Specifically, I'm working on the outline of Scorpion 3. I'm expecting the edits for Scorpion 2 in the next couple days. Depending on what level of bloodbath it'll be (don't spare me, editor!), that's a project for July.

On 8 July, LA Witt is coming over to stay with me for three weeks. We'll attend the GLBTQ Meet in Manchester on the following weekend, see some things in London and surroundings that we missed last time. (I cannot wait to show her the Imperial War Museum that should be re-opened.) Then we'll fly over to Krakow (which I can really use for writing Pure Gold), where we'll see the salt mine cathedral (UNESCO World Heritage Site) and Auschwitz. We'll fly over to Berlin to look at museums there (I promised her the Nefertiti bust and the Ishtar Gate) and then take the train to Dresden to look at the German Military Museum down there. Then back up to Berlin and then London. It's going to be quite a trip for about ten days.

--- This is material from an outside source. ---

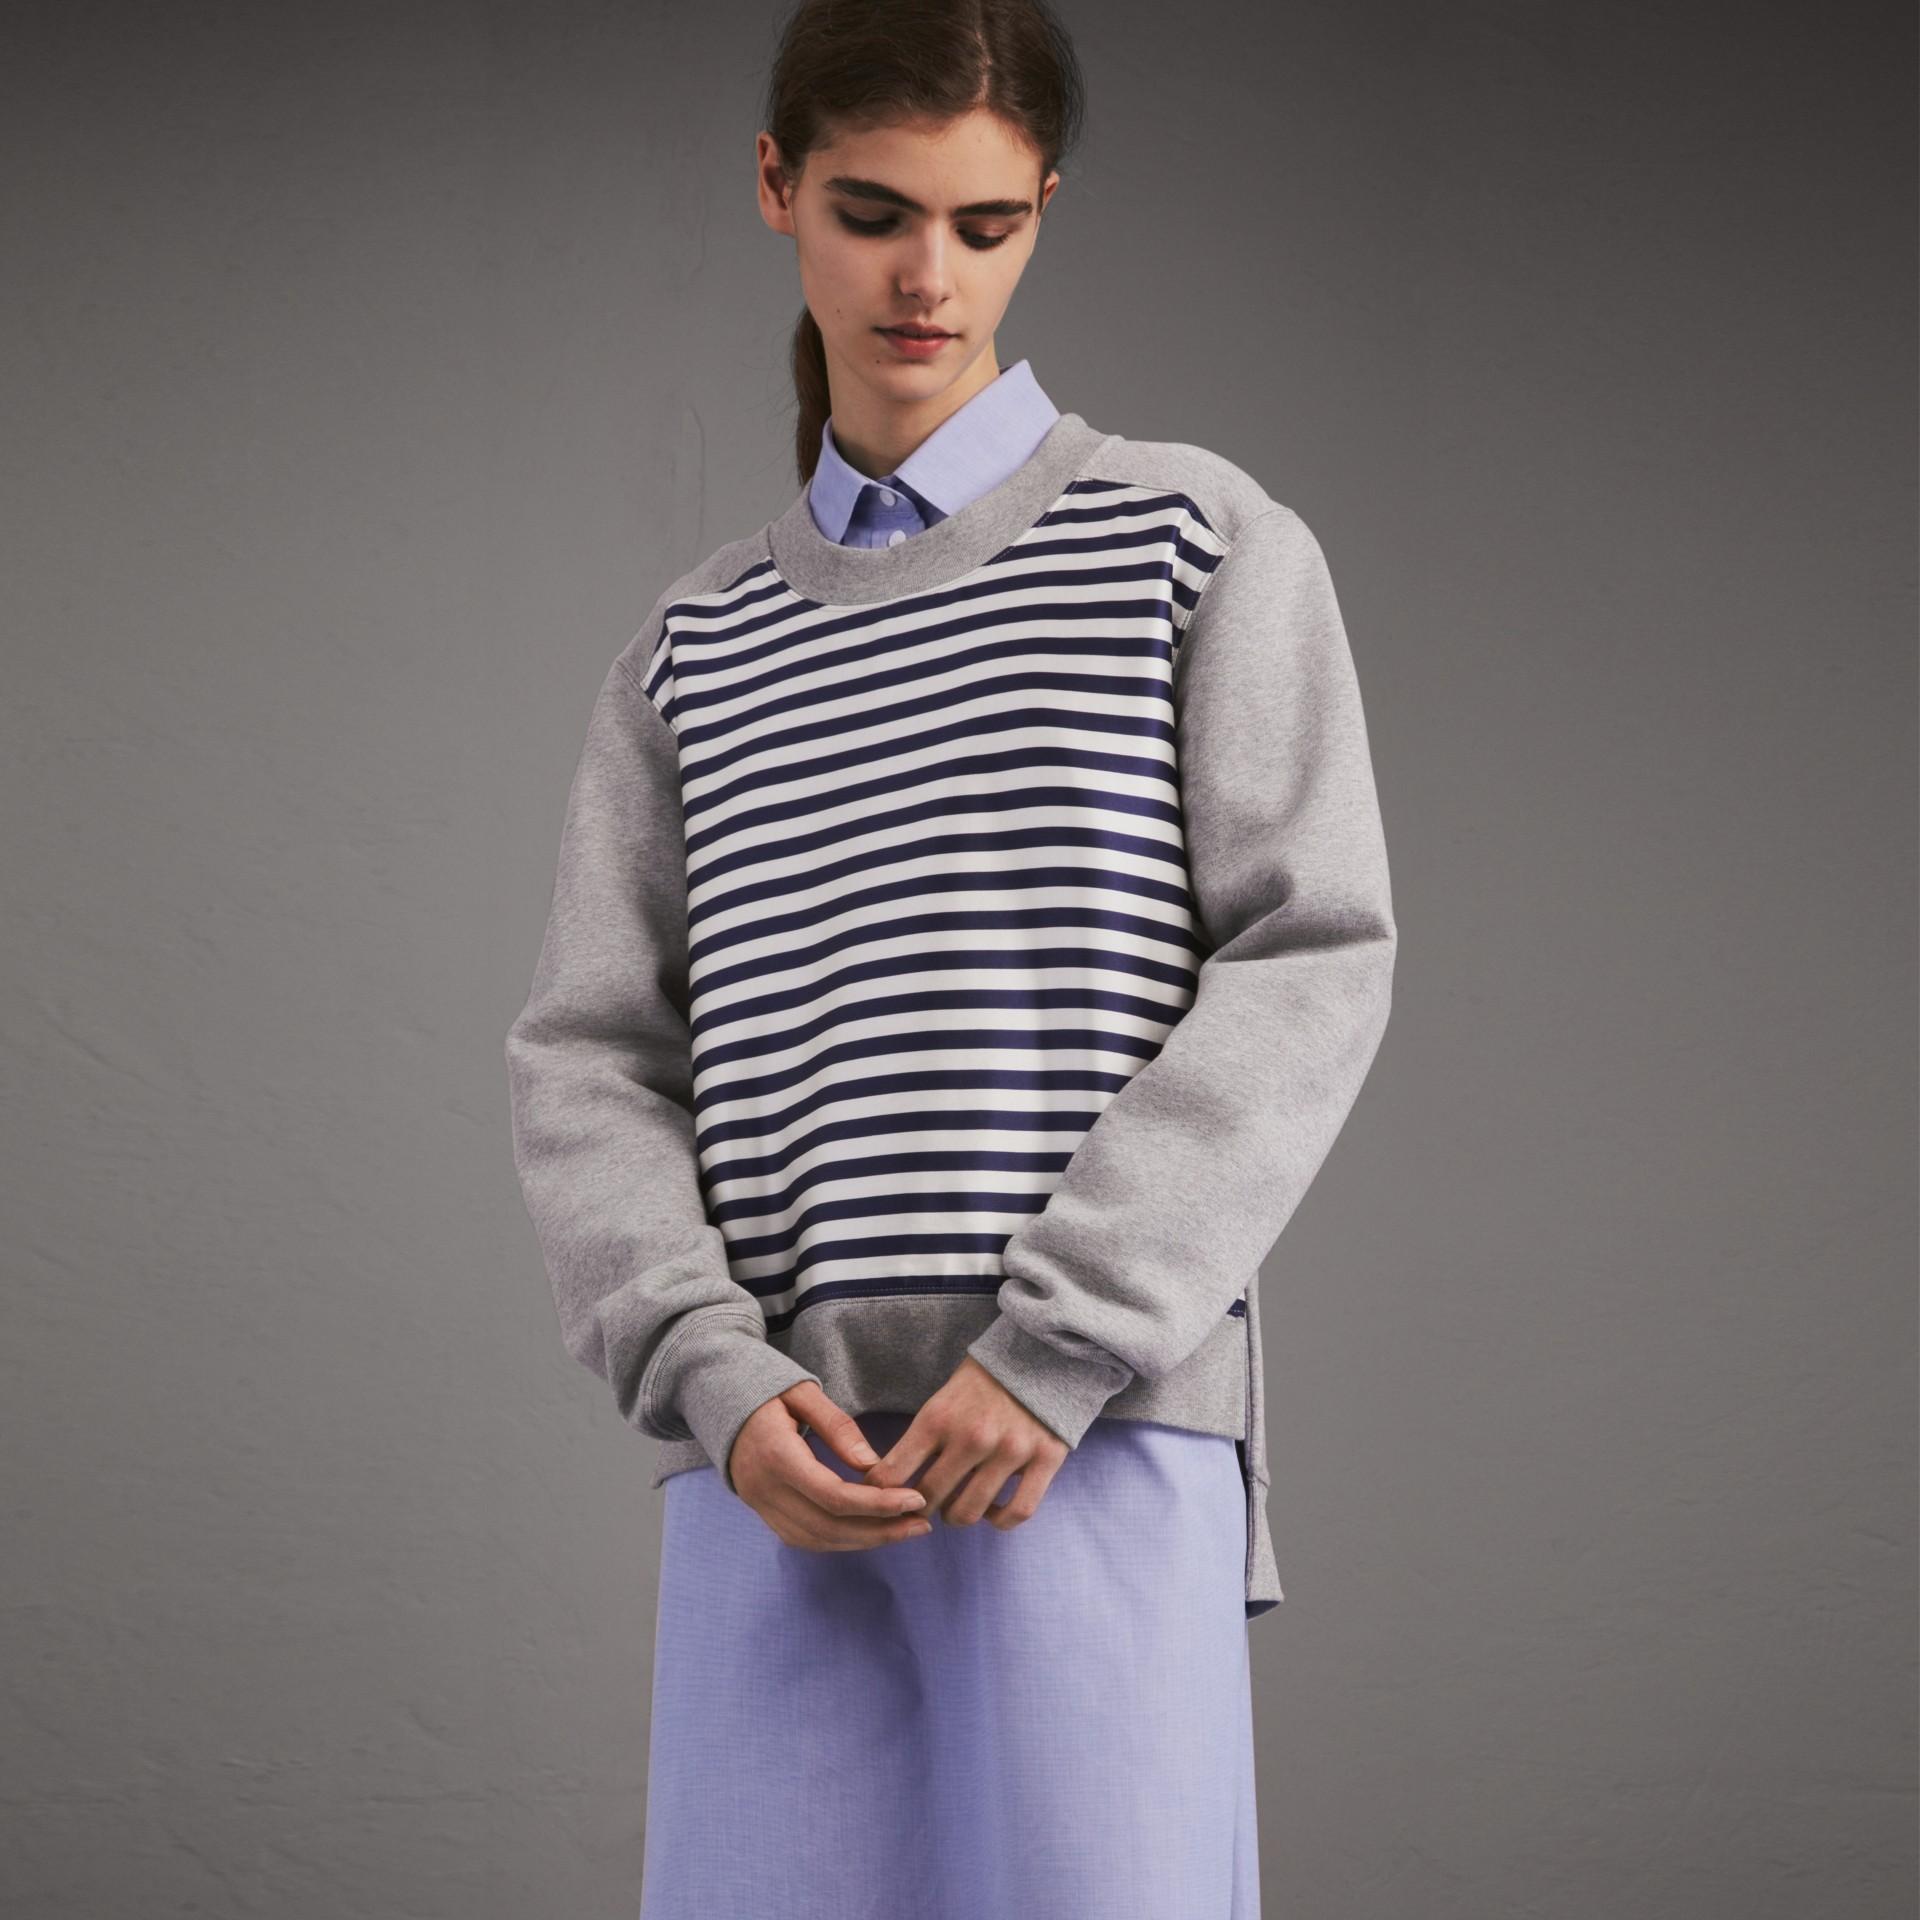 Unisex Striped Silk Cotton Panel Sweatshirt - gallery image 1
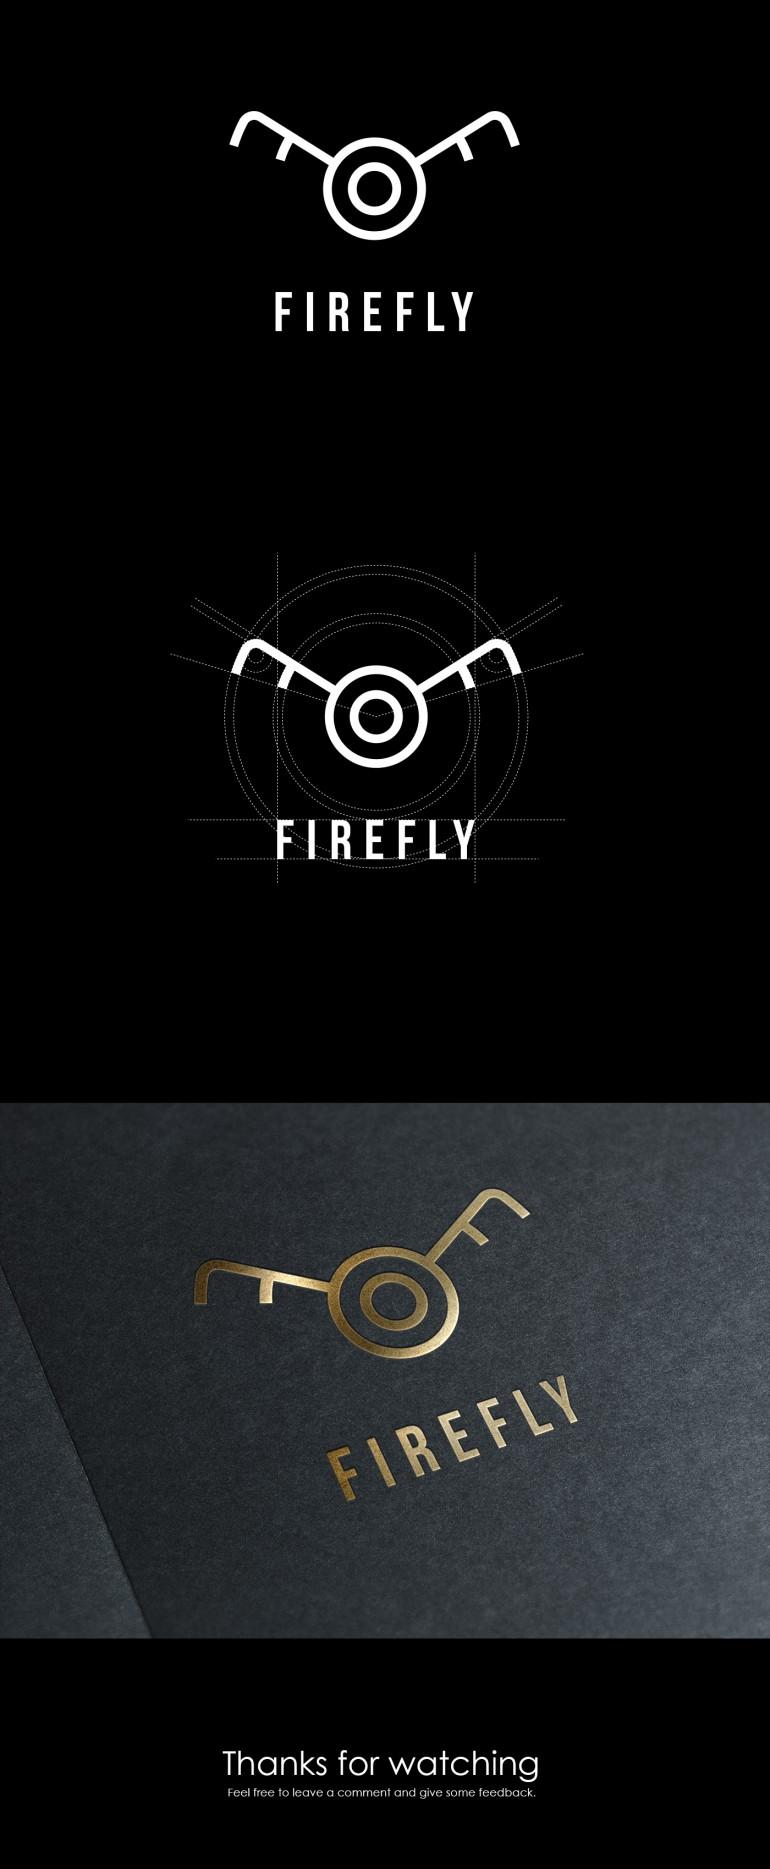 Firefly logo Design by Kevin van Eijk

During that time, I'll do my damned best to write Scorpion3, but considering how exhausted my brain is after a museum or five, I'll see how that goes. I did buy a Chromebook to get some writing done in the airport and on the plane. The idea is to finish the book by 1 September, which can be done if I manage to write a thousand words a day.

Once the immediate stress is off, I'll finish up the Birds book and submit that to old-fashioned publishing (agent and so on). Somewhere in there, I'll write Pure Gold (Gold Digger sequel), and the sequel to Counterpunch.

In terms of co-writing, I expect to do more Market Garden. Capture and Surrender will be out as planned, and there's more stories to write that are more serious, and then a number of very hot shorts very much like QPQ and TIO to limber up the brain. (There are days when I'm just in the mood to write sex without much else around it.)

Considering there's only 6 months left in the year, that's plenty. Right now I'm writing things that'll come out in 2014. The newest project is what I'll call the "Fencers book"--both LA and I have fenced foil, so that should be fun. Right now it's slow going, as it's a historical and I like having my research squared away, but even so we did 2.5k yesterday on that. Ideally, I want that done in time for Sochi 2014.

So, if you don't hear/see much of me on the blog. I'm travelling and/or taking the bit between my teeth and pushing hard to get 2014 releases all squared away for Operation Voinov Freedom.